**Data extract:**
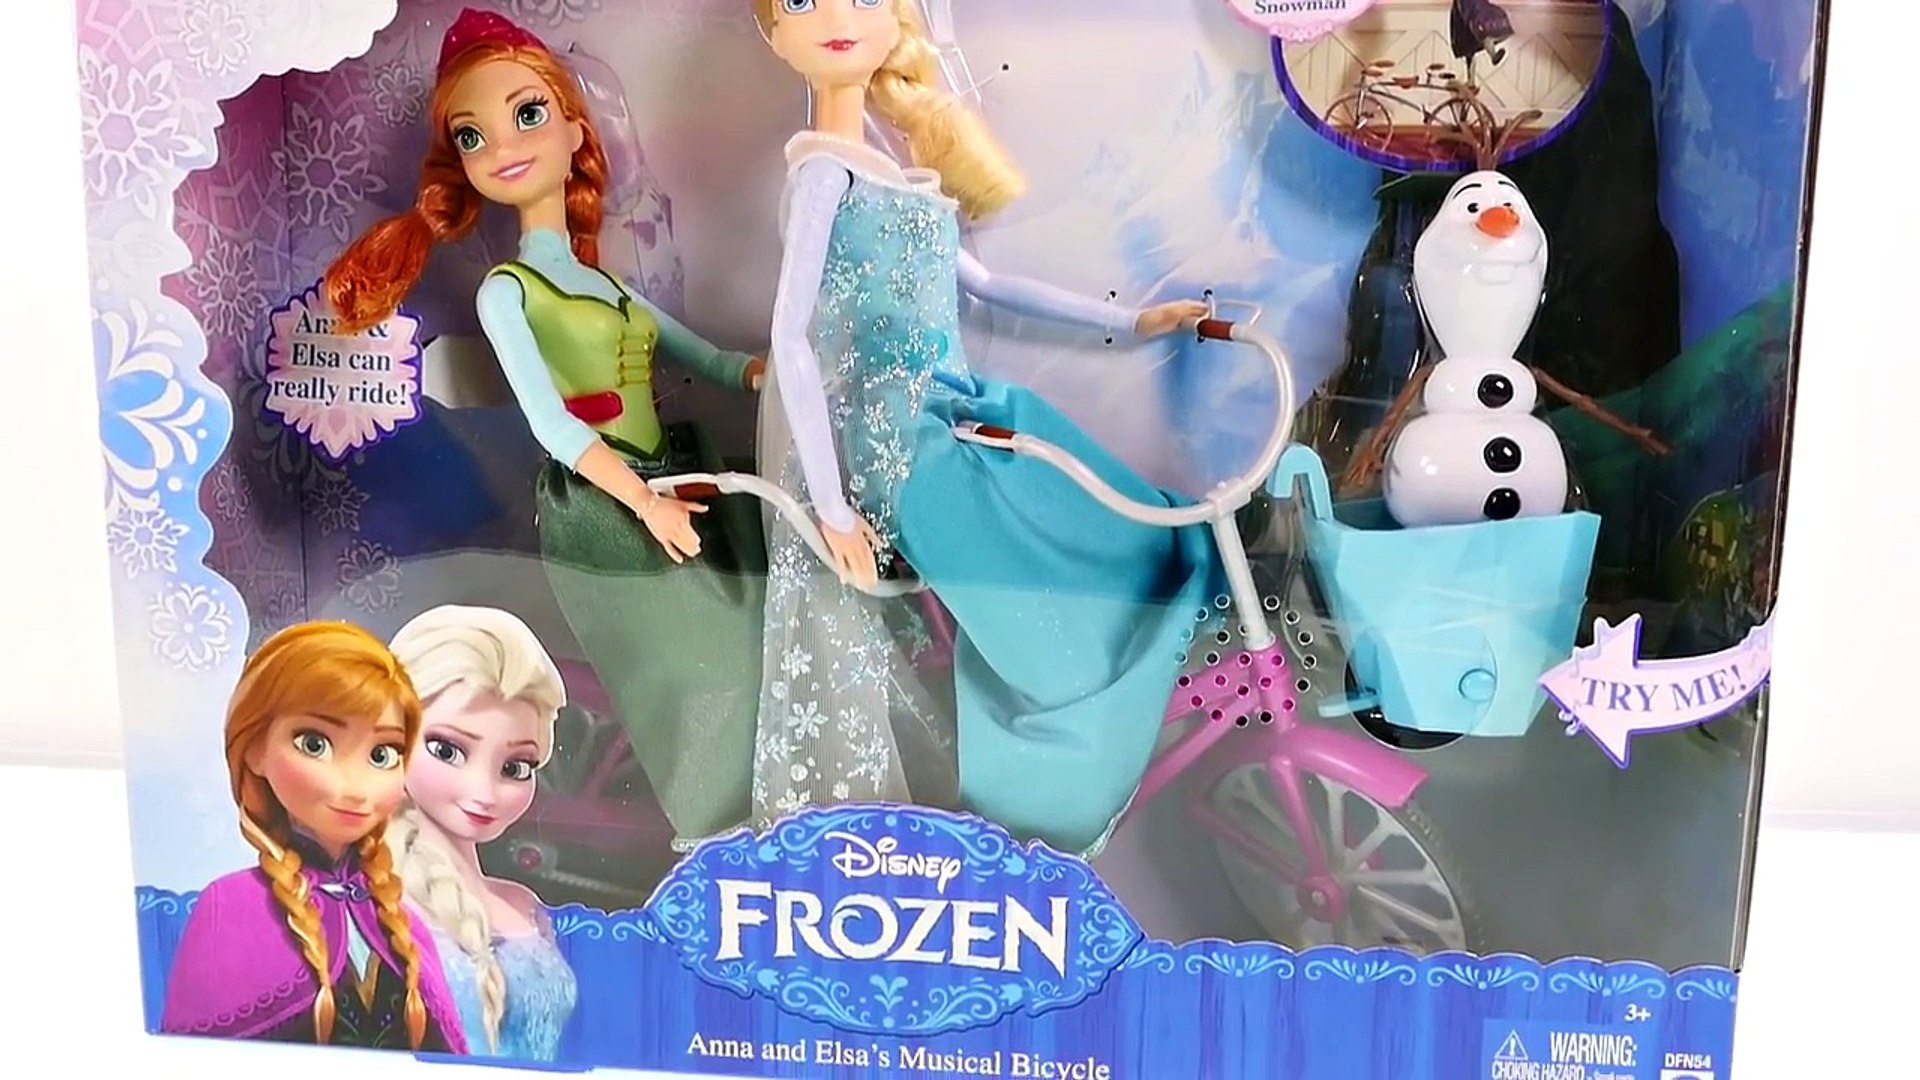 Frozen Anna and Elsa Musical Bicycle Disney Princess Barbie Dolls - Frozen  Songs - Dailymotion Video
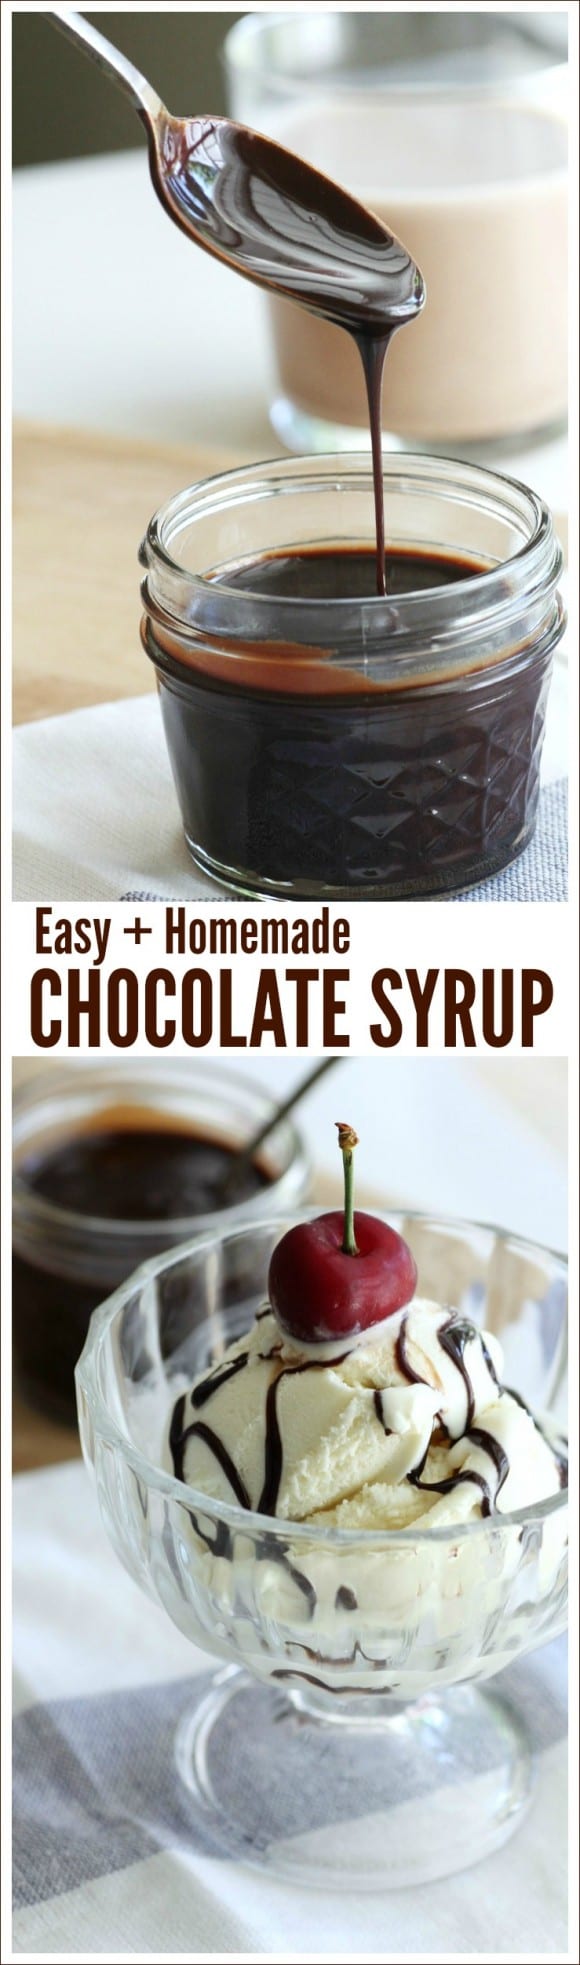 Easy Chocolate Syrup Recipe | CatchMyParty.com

...

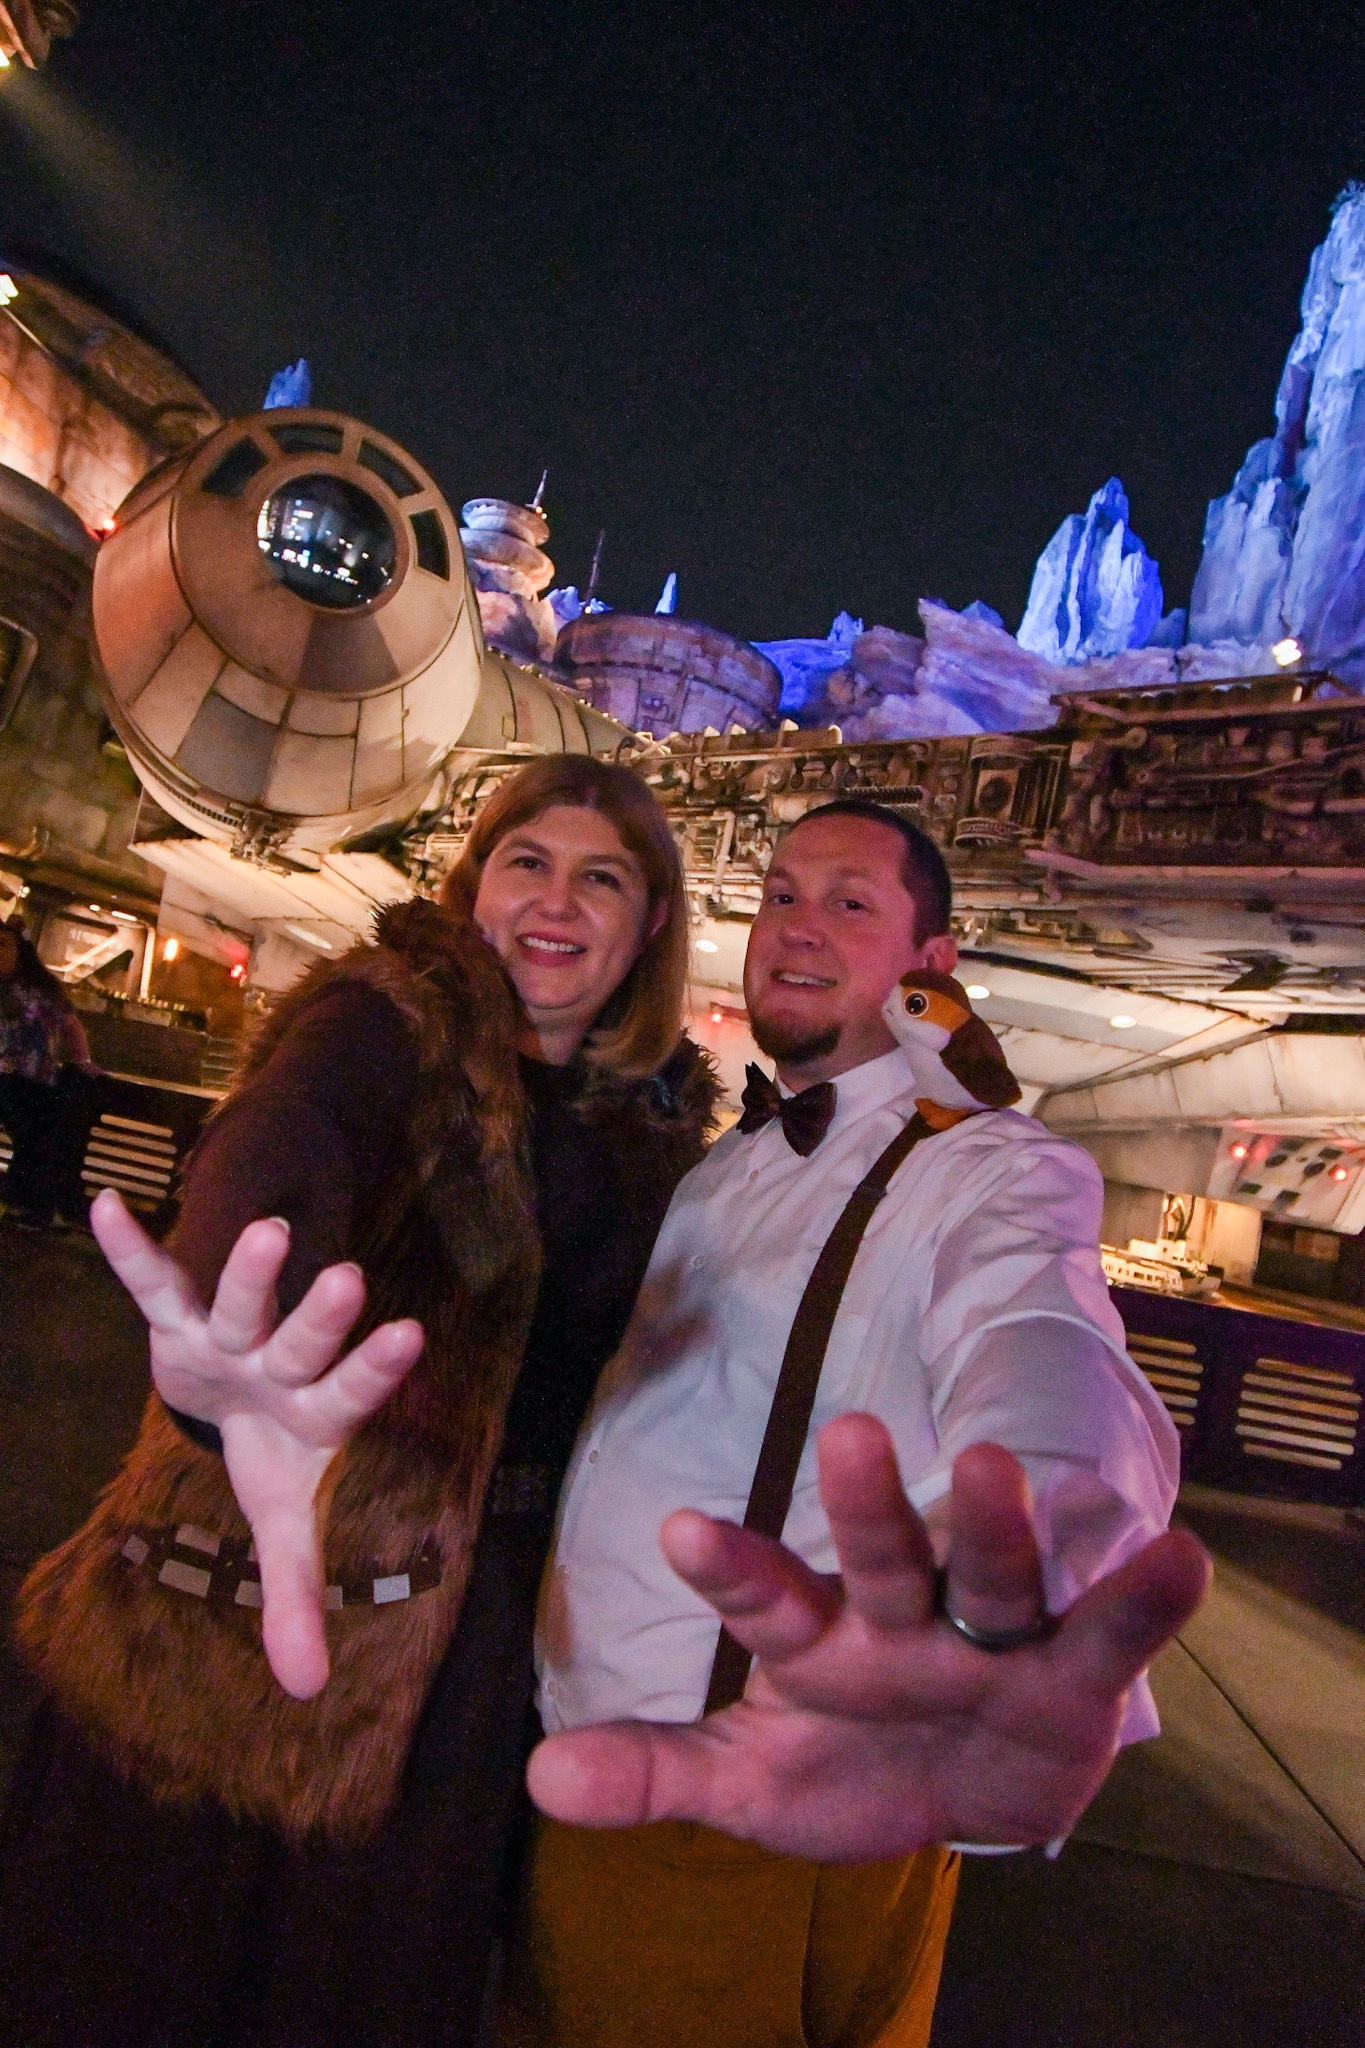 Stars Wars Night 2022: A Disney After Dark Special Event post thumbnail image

**Exercise prompt:** Of all the material above, only the lines from the one that has "Frozen Anna and" down to the one that has "Easy Chocolate Syrup" are to be written out, exactly and with both ends included. Pictures are skipped.

**Output below:**
 Frozen Anna and Elsa Musical Bicycle Disney Princess Barbie Dolls - Frozen  Songs - Dailymotion Video
 Easy Chocolate Syrup Recipe | CatchMyParty.com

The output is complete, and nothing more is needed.